Monday, October 12, 2009

That's what control groups are for

Gary Loveman famously said that there three ways to get fired from Harrah's: steal from the company, harass women, and not use control groups in testing. He is correct, particularly, in cases when we are trying to properly measure the effectiveness of marketing communications for a fairly popular consumer product.

What is a control group? In most cases, control group (sometimes called a hold out group) is a group that does not receive the communication we measure. It is used to assess the effectiveness of this particular piece of communication. By effectiveness I mean the impact of the communication on the test group that is not observed in the control group. Therefore, it is important to have a control group that behaves in exactly the same manner as the test group, a condition that is generally called being representative.

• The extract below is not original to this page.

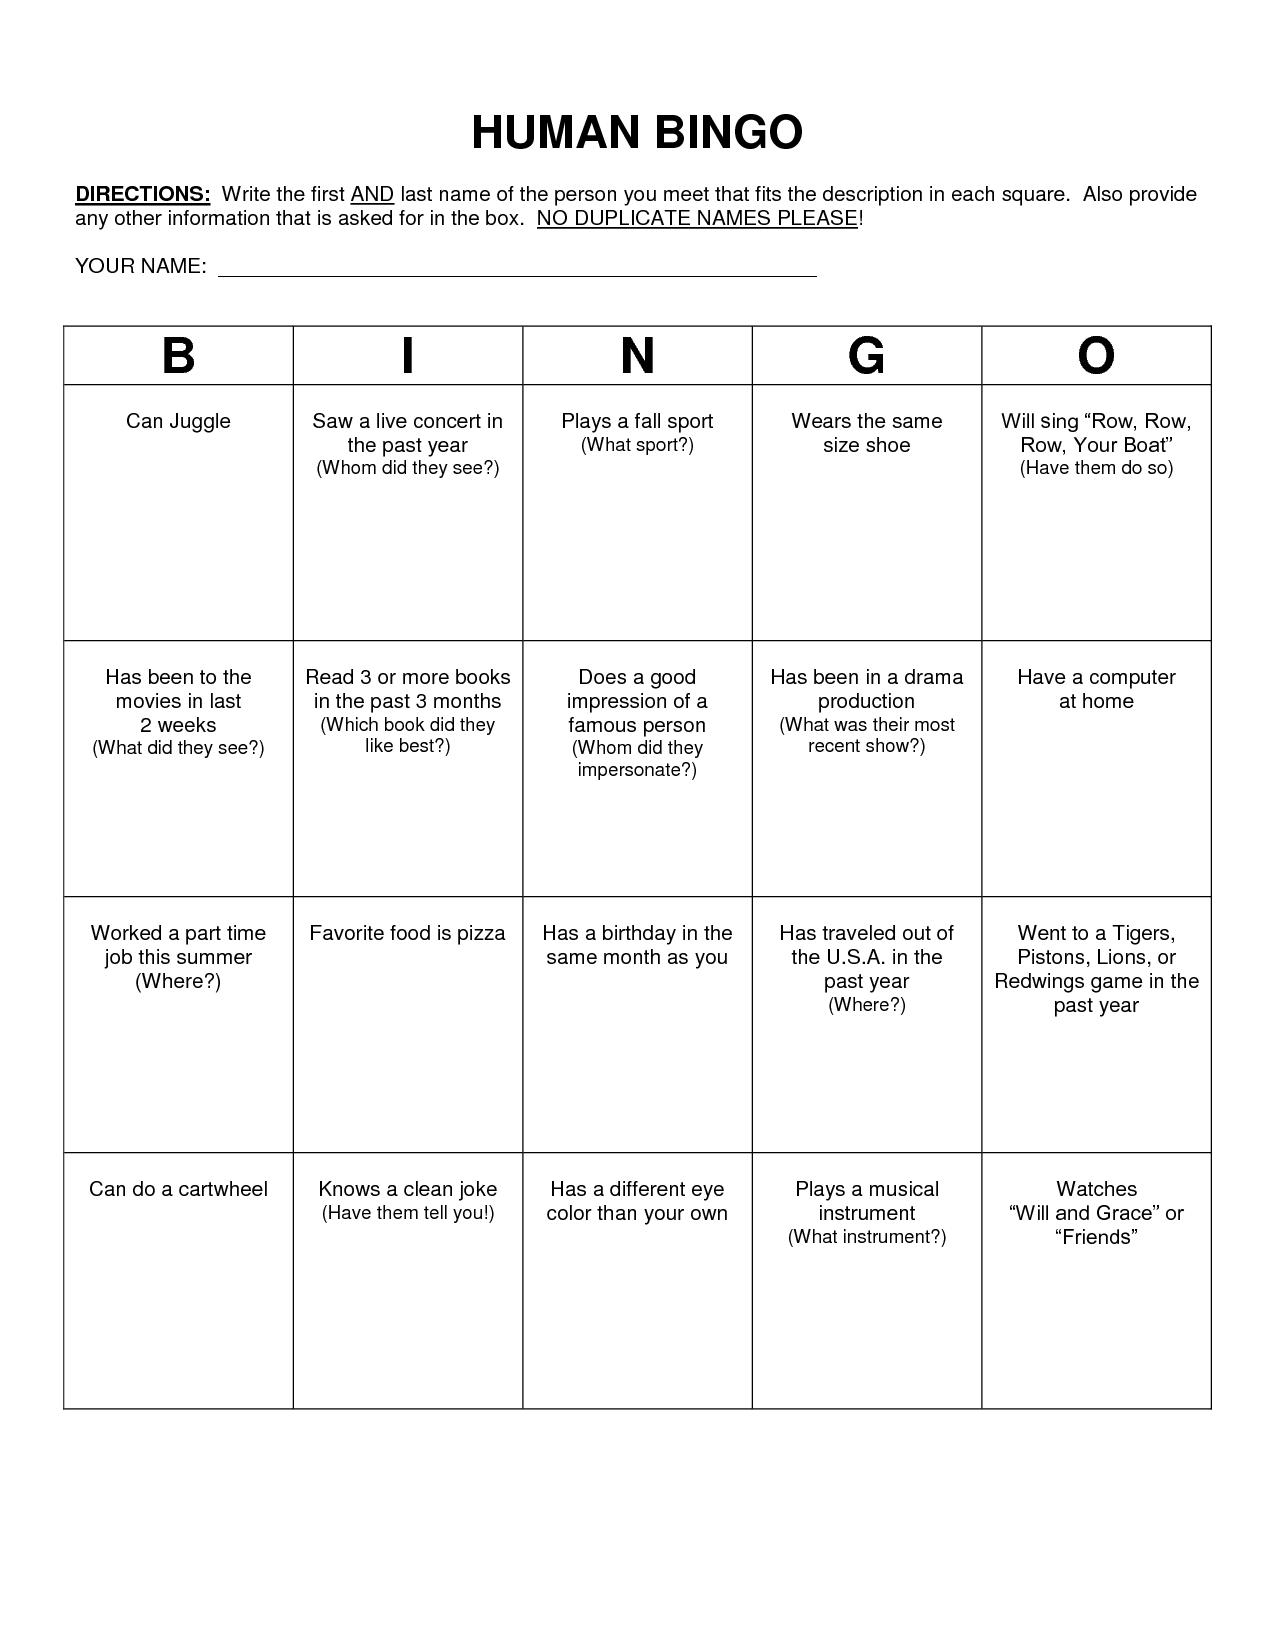 Human Bingo Scavenger Hunt Template Human Bingo Bingo Template Bingo Card Template

It is not always possible to pick out a perfectly representative control group, but we should always do our best to try. Often, control group is one of the few reliable and easy ways to truly assess incremental impact of your marketing communications.

Here are a few practical implications of the use of the control group that are worth mentioning.
  • Often, companies use multiple marketing communications to reach out to the customer, and then try to untangle how many sales were driven by each type of communication. When we send out a direct mail piece and put advertising on TV at the same time, it is hard to determine how many of the people on the direct mail list who purchased your product were truly driven by the mail.
    That's what the control group is for. Compared to other ways of measuring the impact (separate 1-800 numbers, sales funnel, and so on) measurement against control group looks at the true incremental sales from a marketing vehicle, as control group shows how many sales we get from everything else (TV, radio, web, spontaneous) except for the DM piece.
  • The concept of "what would have happened" is the cornerstone of any effectiveness measurement. It is relatively easy to determine "what happened" - how many additional products we sold, how much revenue we got, but it is not always easy to determine what would have happened have we decided to save some money and not have the communication. The "would have happened" estimate is usually... an estimate, which is a number with standard error (or degree of uncertainty) attached to it. This is why all of the estimates of the impact have to be statistically tested.

  • Sometimes the marketer is able to estimate the "associated" sales from a marketing vehicle pretty well - those who call 1-800 number, those who click on the online ad, and so on, and the use of control groups is deemed excessive.
    In this case, we assume that 100% of associated sales can be attributed to the marketing vehicle, and no other sales are being influenced by the marketing vehicle. It may be a good way to assess effectiveness in cases when the likelihood of a potential customer to call you spontaneously is low. For example, if you are a small consulting company sending out a brochure, chances are that the call on your number from a recipient of the brochure  was driven by the mail.
    However, if you are a consumer company with a high rate of unsolicited walk-ins/call-ins, the situation may be very different. If your DM piece yielded 2% call rate, and you expect a 1.5% spontaneous call rate for the same measurement period of time from the same target population, all of a sudden your ROI on marketing communication does not look as attractive.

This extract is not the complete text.